**EXTRACTED DATA:**
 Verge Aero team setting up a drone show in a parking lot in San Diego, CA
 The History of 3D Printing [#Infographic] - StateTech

...

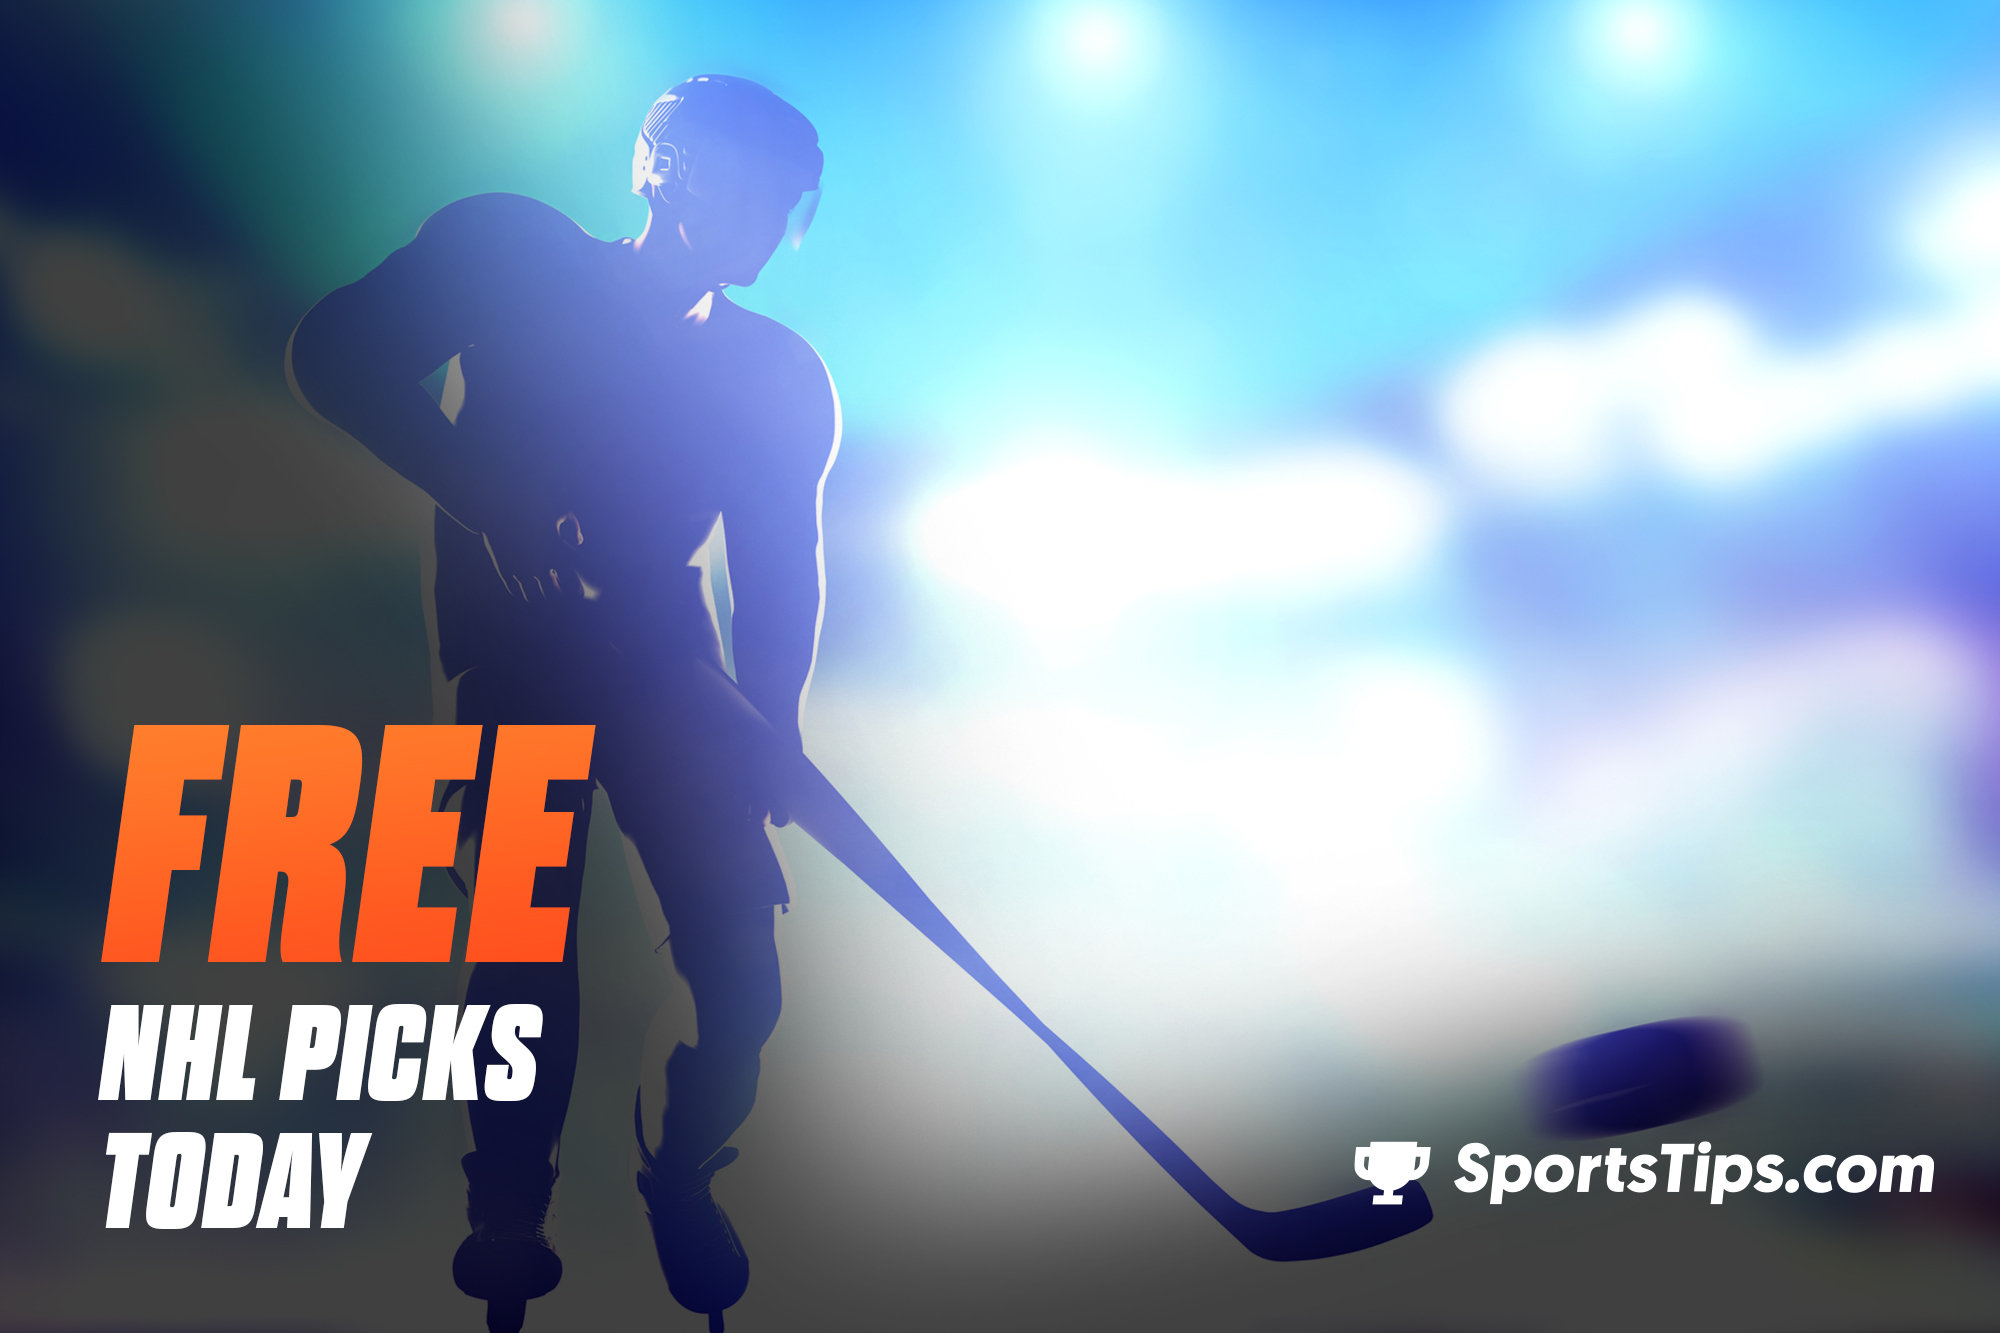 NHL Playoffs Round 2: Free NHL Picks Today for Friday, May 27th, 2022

**REQUIREMENT:** Would you please write out, exactly and with no other lines, the stretch of the listing above from the line containing "Verge Aero team" through the line containing "The History of"?

**RESPONSE TO THE EXERCISE:**
 Verge Aero team setting up a drone show in a parking lot in San Diego, CA
 The History of 3D Printing [#Infographic] - StateTech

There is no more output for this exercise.